James E. Vinturella (Lewis & Caplan), New Orleans, Louisiana, for
claimant.
James A. Babst (Lamothe & Hamilton, PLC), New Orleans, Louisiana, for
employer/carrier.
Before: SMITH and BROWN, Administrative Appeals Judges, and NELSON,
Acting Administrative Appeals Judge.
PER CURIAM:
Employer appeals the Decision and Order (1998-LHC-1038) of Administrative Law
Judge James W. Kerr, Jr., rendered on a claim filed pursuant to the provisions of
the Longshore and Harbor Workers' Compensation Act, as amended, 33 U.S.C. §901
et seq. (the Act). We must affirm the findings of fact and conclusions of
law of the administrative law judge if they are rational, supported by substantial
evidence, and in accordance with law. O'Keeffe v. Smith, Hinchman & Grylls
Associates, Inc., 380 U.S. 359 (1965); 33 U.S.C. §921(b)(3).
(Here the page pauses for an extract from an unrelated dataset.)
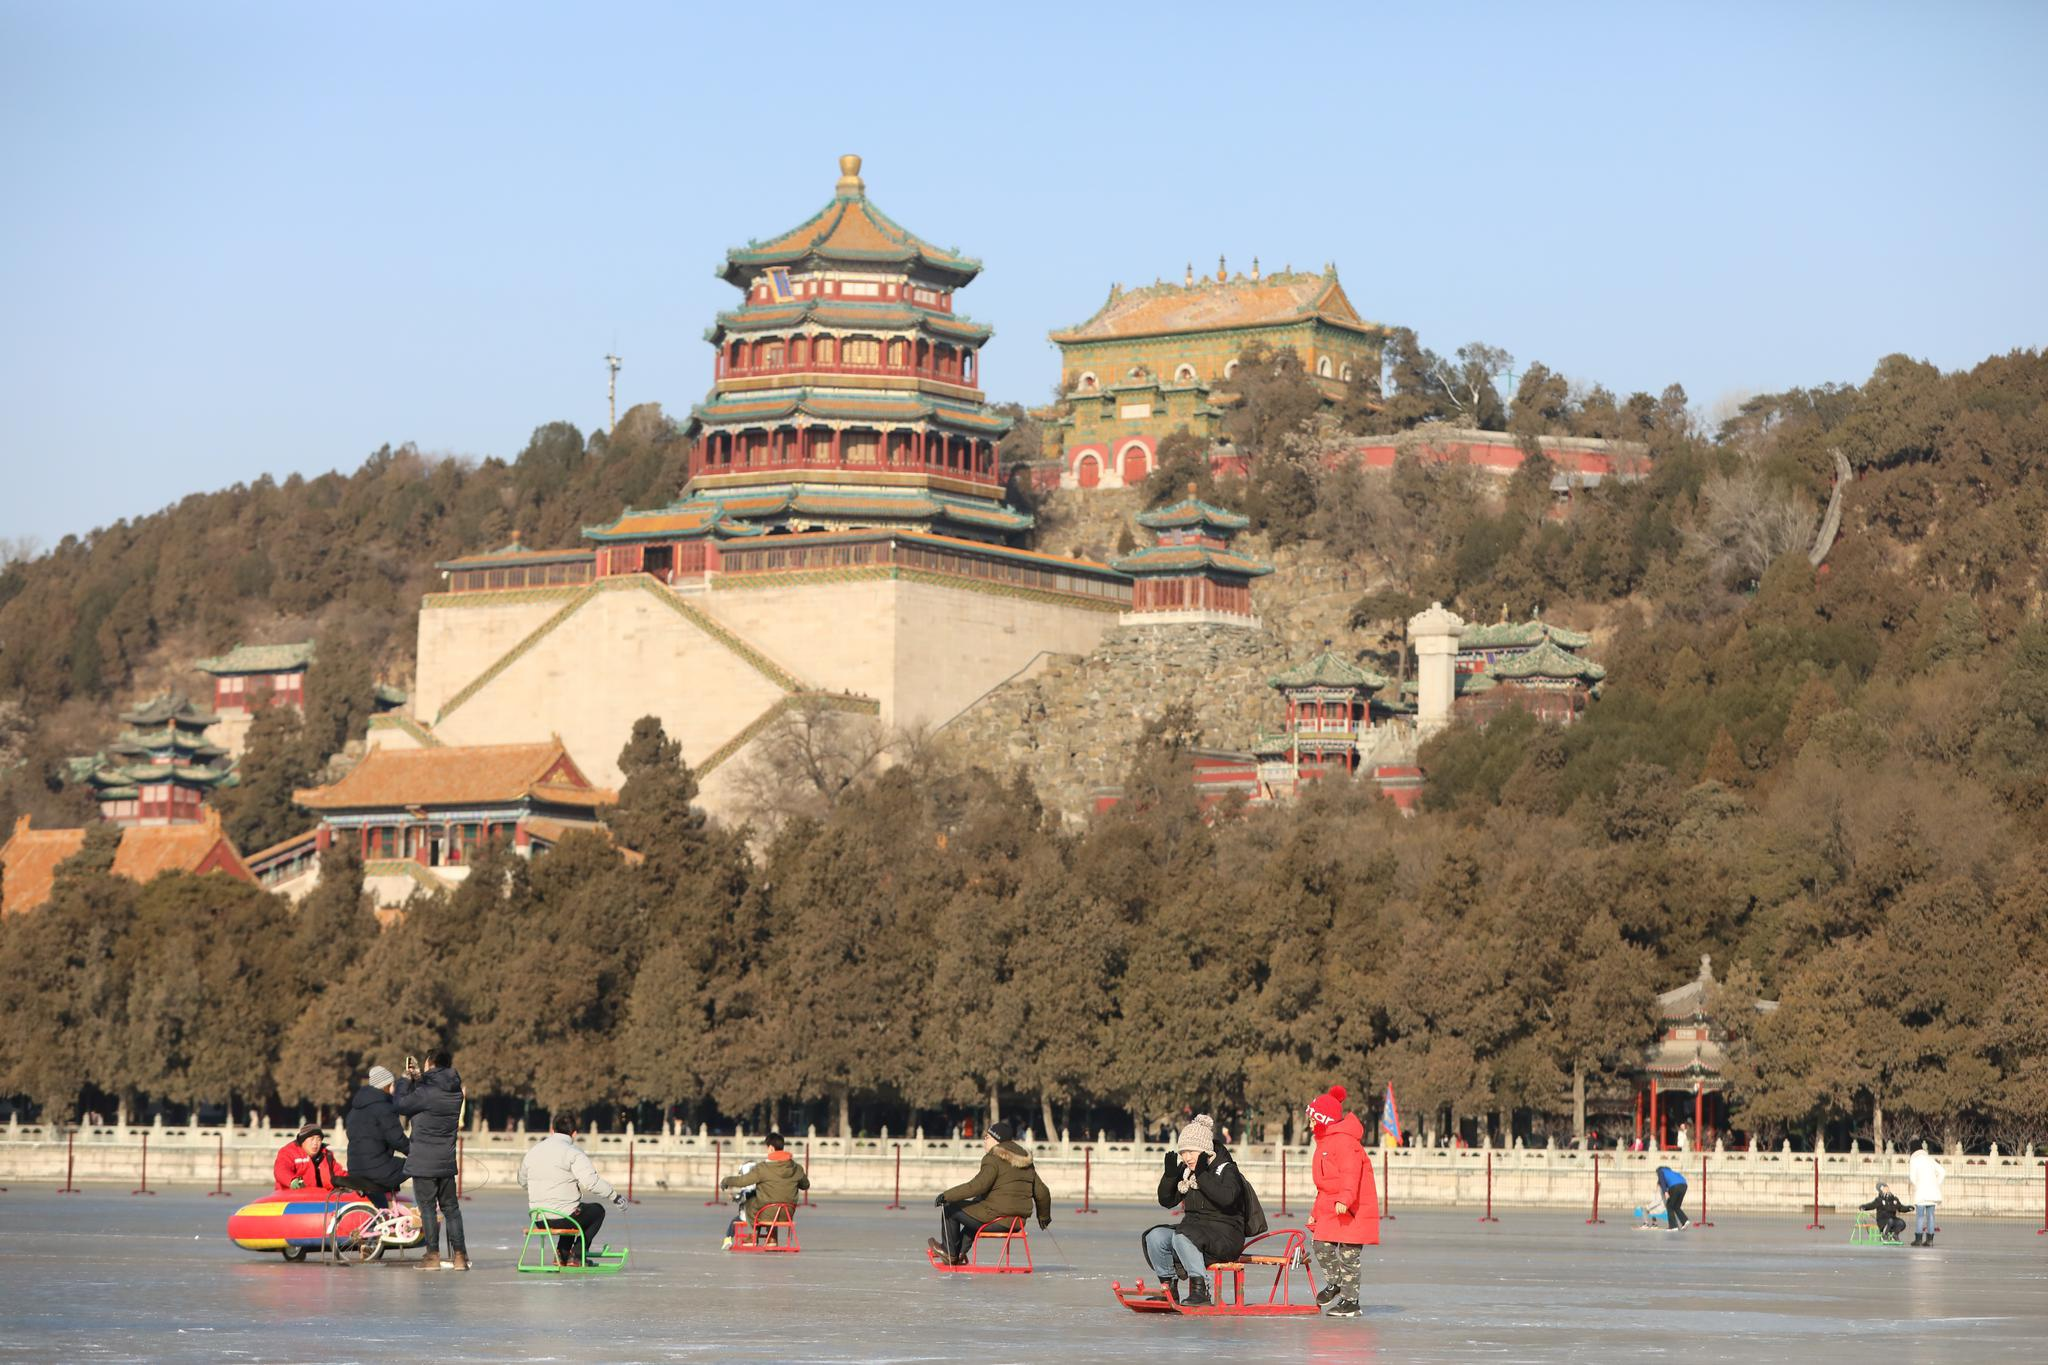 北京最大天然冰场今开放 元旦来颐和园昆明湖撒欢图片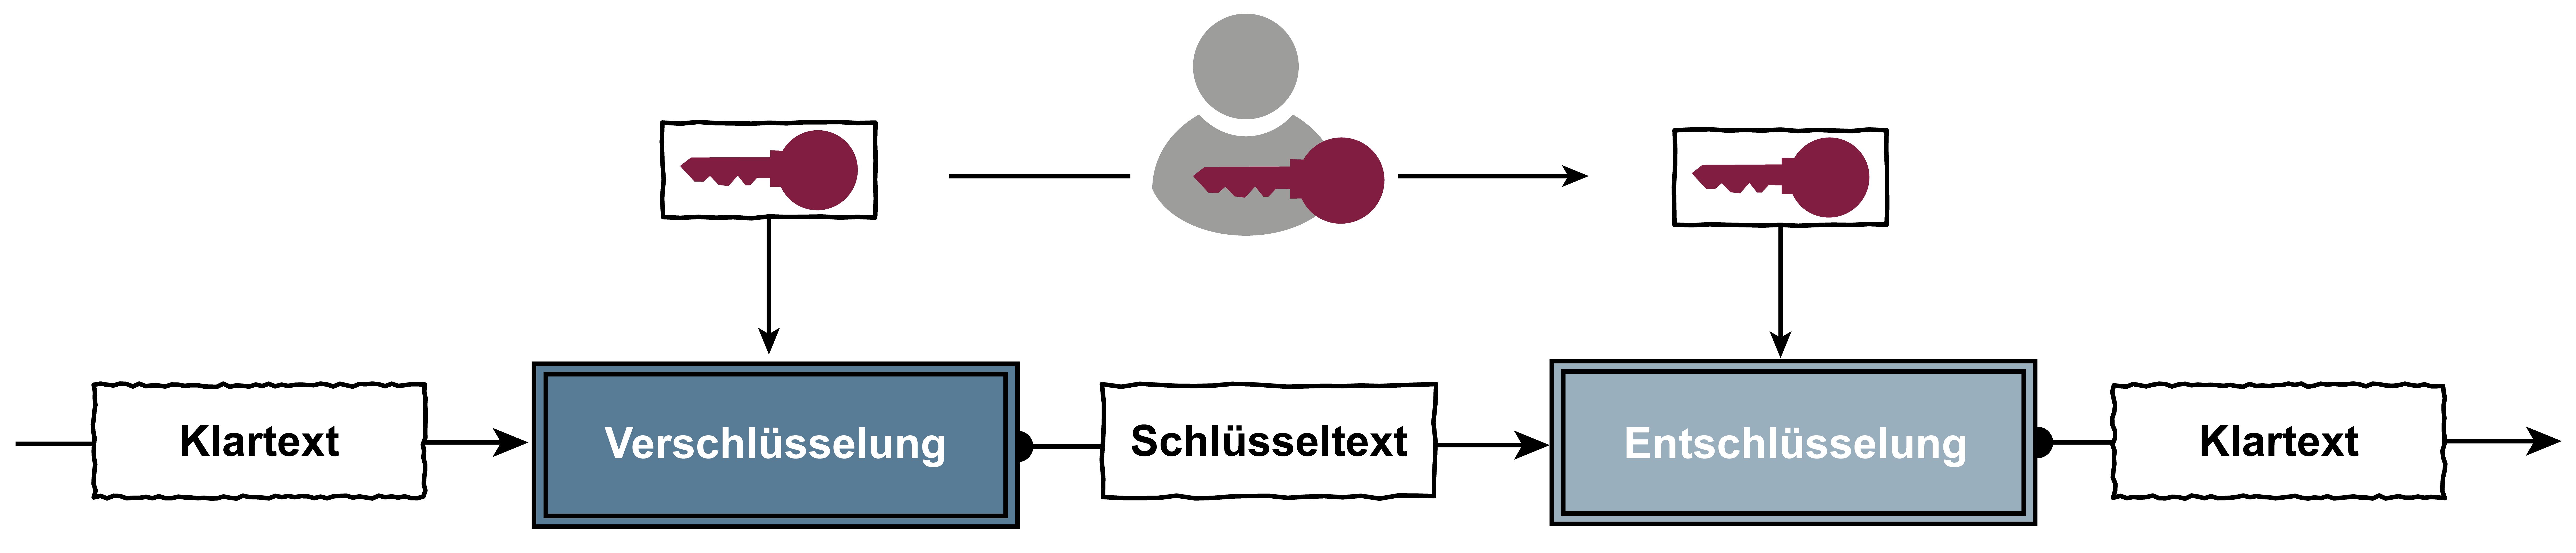 Symmetrische Verschlüsselung – Glossar Cyber-Sicherheit – Prof. Norbert Pohlmann

Claimant alleged that he suffered an injury to his back on July 8, 1997, while
moving sugar in the hold of a vessel with a shovel. Claimant immediately reported
the alleged incident to employer's foreman, Mr. Robinson, who allowed claimant to
return home. The following day, claimant requested and was granted authorization
from employer to visit employer's physician, who diagnosed claimant as having
sustained a lumbosacral strain. Claimant has not returned to work since the date
of this incident.
In his Decision and Order, the administrative law judge concluded, based upon
the testimony of claimant, that claimant established the existence of working
conditions which could have caused his present back condition, that claimant was
therefore entitled to the Section 20(a), 33 U.S.C. §920(a), presumption, and
that employer failed to rebut the same; accordingly, the administrative law judge
found causation established. Next, the administrative law judge determined that
claimant was incapable of resuming his usual employment duties, but that employer
established the availability of suitable alternate employment as of October 13, 1998.
Accordingly, the administrative law judge awarded claimant temporary total disability
benefits during the period of July 8, 1997 through October 12, 1998, and temporary
partial disability benefits thereafter, as well as medical benefits, interest and
an attorney's fee. See 33 U.S.C. §§907, 908(b), (e).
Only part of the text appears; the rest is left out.